Note d’intention du « Cahier Froid »

// Paroles de réalisateurs


Le cahier froid
Jean-Claude Taki


"Différents signaux me laissent penser que les sociétés modernes ont basculé dans la fiction. Elles sont en quelque sorte passées de l’autre côté du miroir. À propos d’évènements qui se passent dans le monde, on entend souvent “la réalité a rattrapé la fiction”. Cette expression n’a plus lieu d’être, car la réalité est devenue fiction. Le réel est scénarisé. L’individu ne construit plus sa vie à partir de l’expérience d’un vécu en mouvement, mais il adopte très tôt un rôle, un personnage qui s’inscrit sans difficulté dans les scenarii que propose la société. Partant de ces imaginaires fictionnels, il va créer de l’intimité. Mais cette intimité n’est autre qu’un élément constitutif et attendu du personnage fictionnel qu’il aura adopté auparavant...

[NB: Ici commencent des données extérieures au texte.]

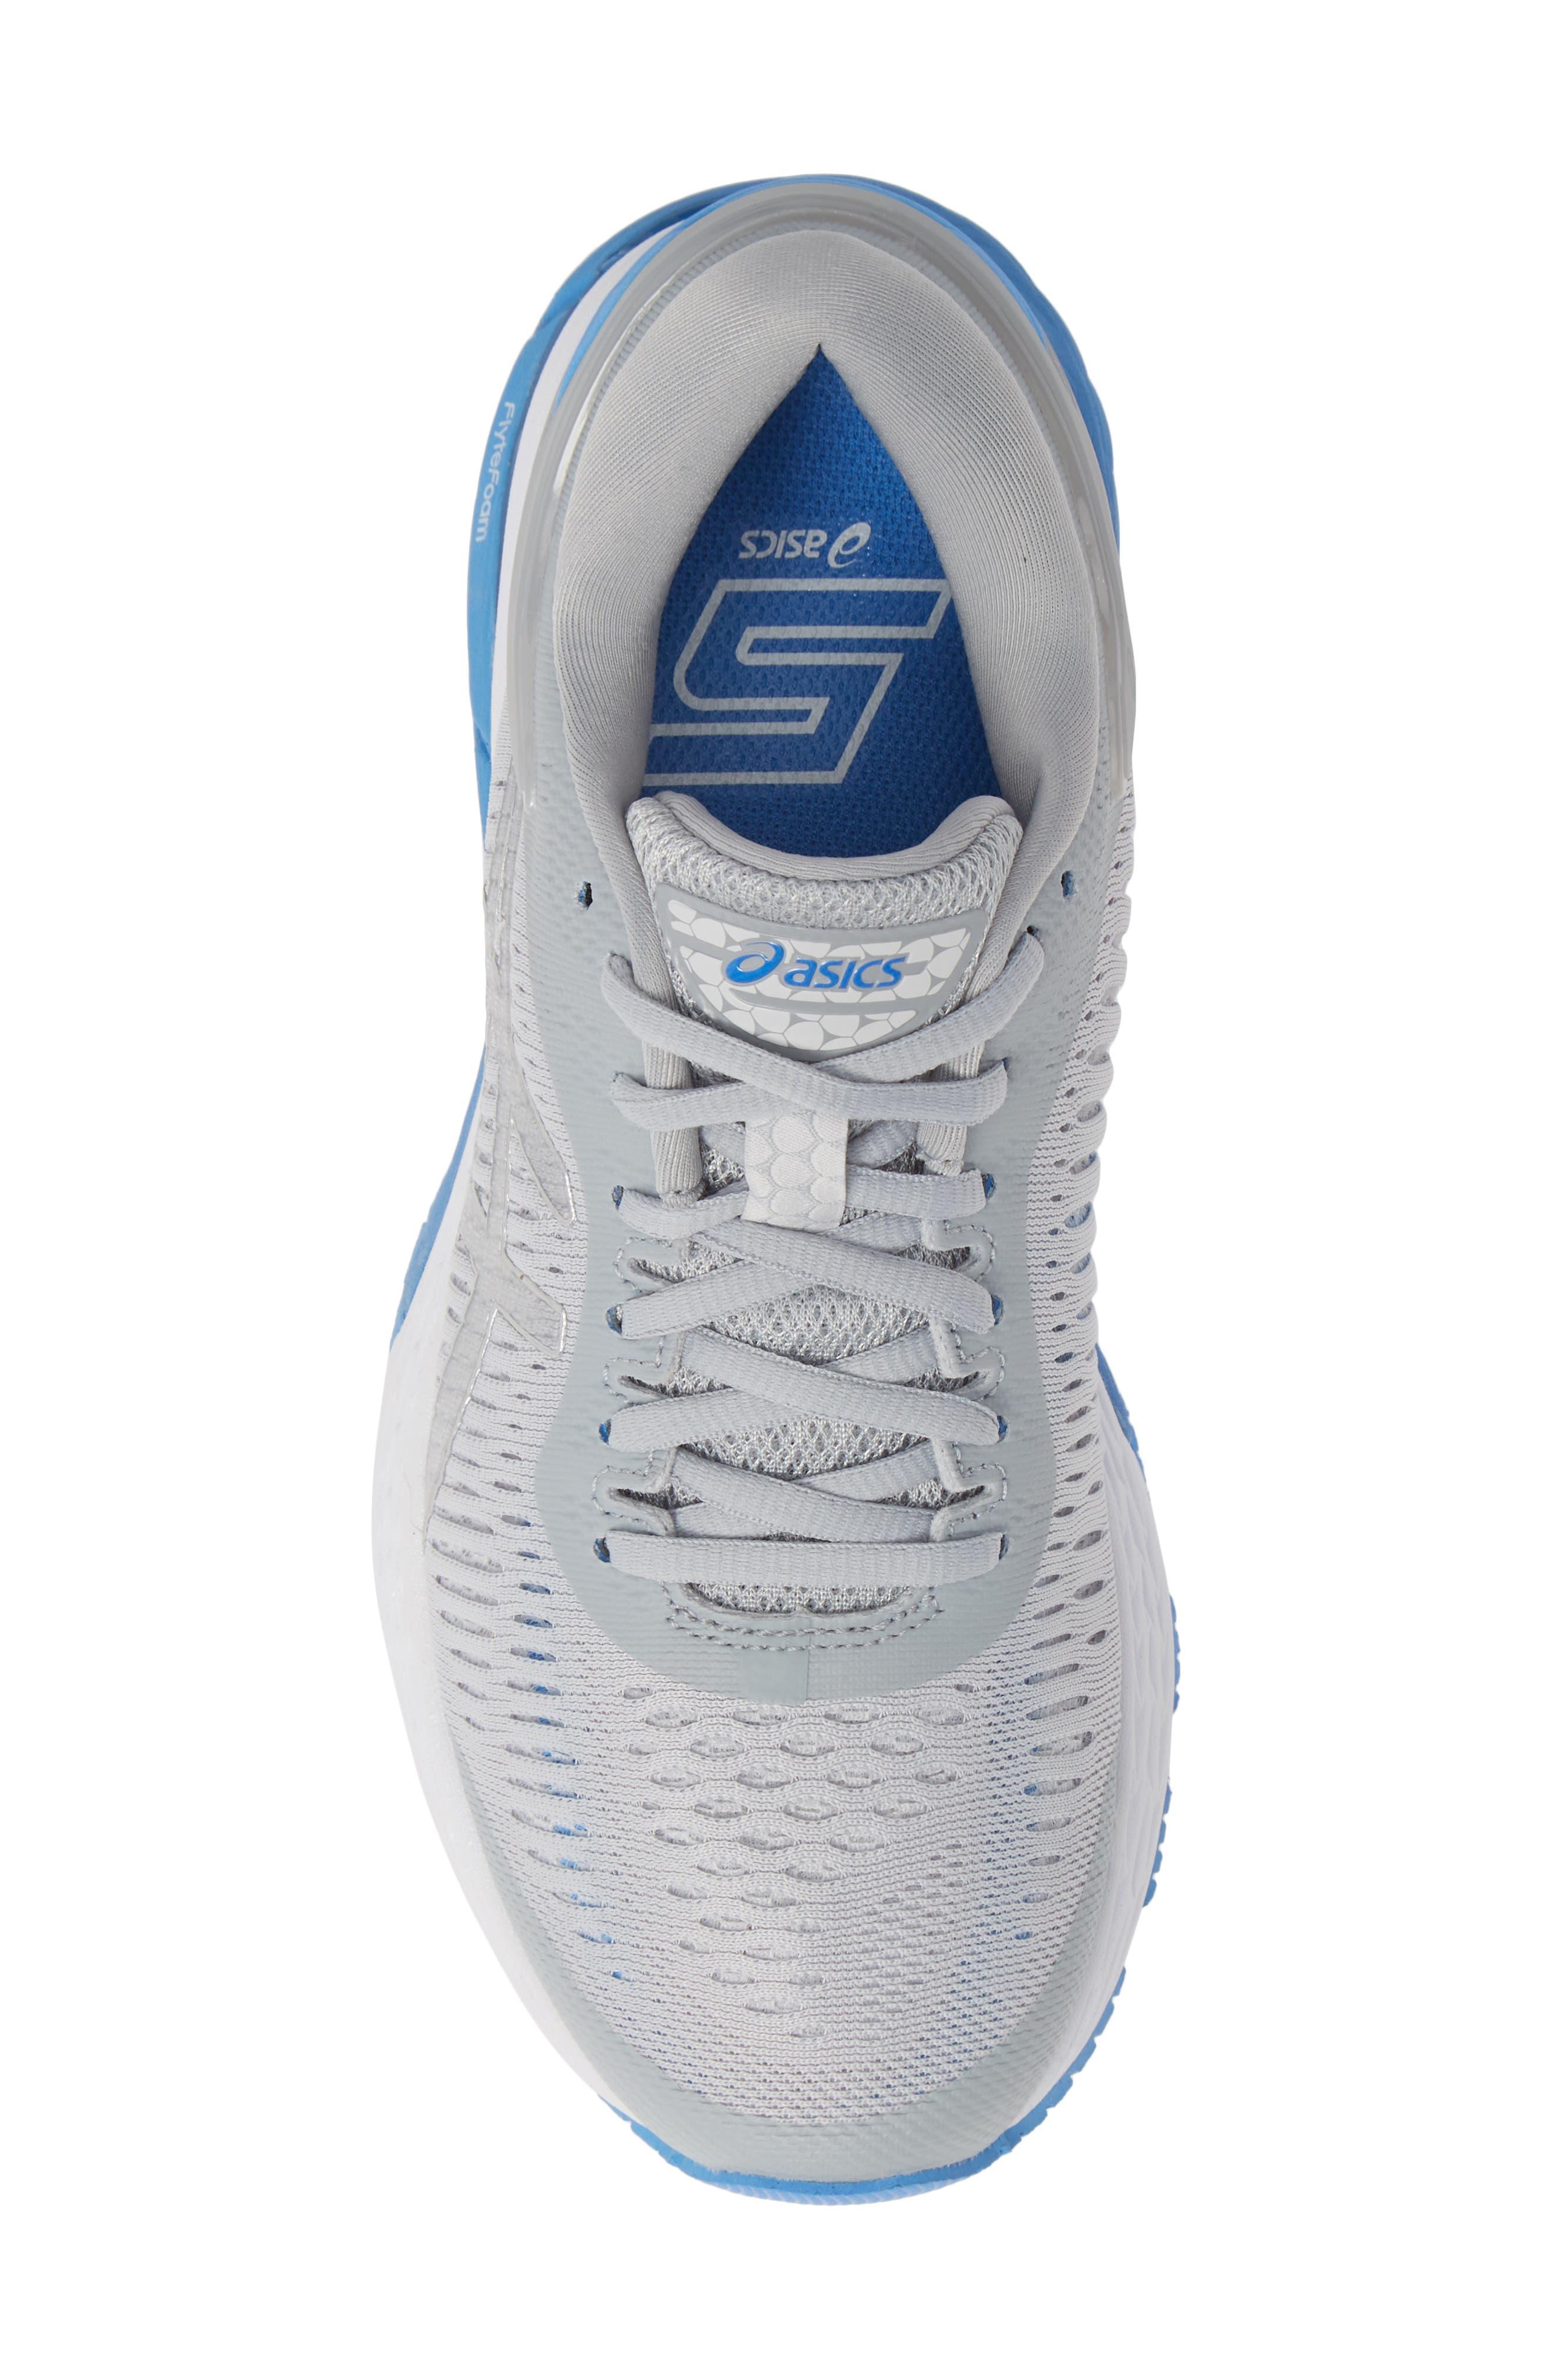 GEL-Kayano<sup>®</sup> 25 Running Shoe,                             Alternate thumbnail 5, color,                             MID GREY/ BLUE
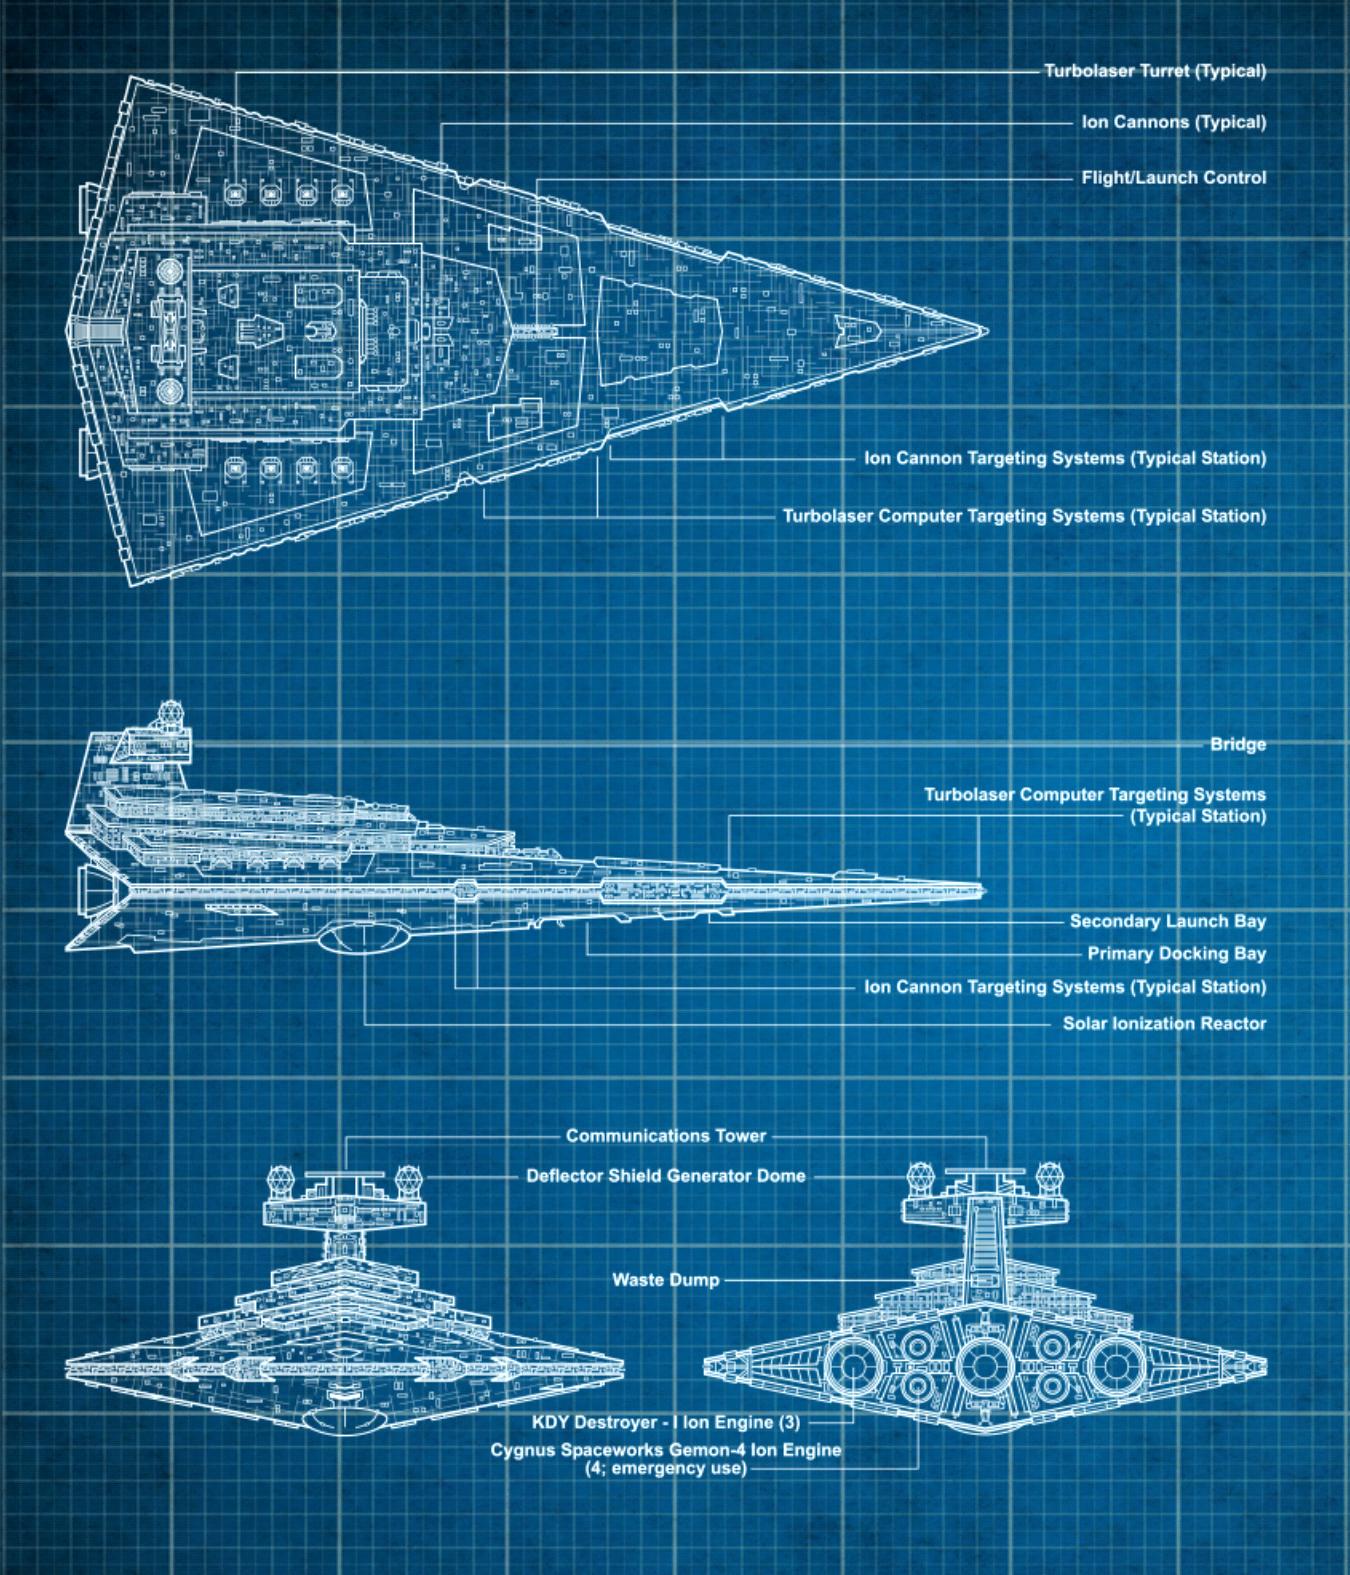 Imperial-class Star Destroyer | Wookieepedia | FANDOM

Le téléphone portable, par sa proximité et son omniprésence, me permet de faire le mouvement inverse. Je recueille les images de mon intimité - c’est-à-dire, je filme ce que je vois, ce qui m’entoure - et partant de là, j’imagine des histoires de vies réelles.

Cette remontée du courant réveille en moi - ainsi que chez le spectateur - l’intime le plus profond, peut-être une porte de sortie vers le réel."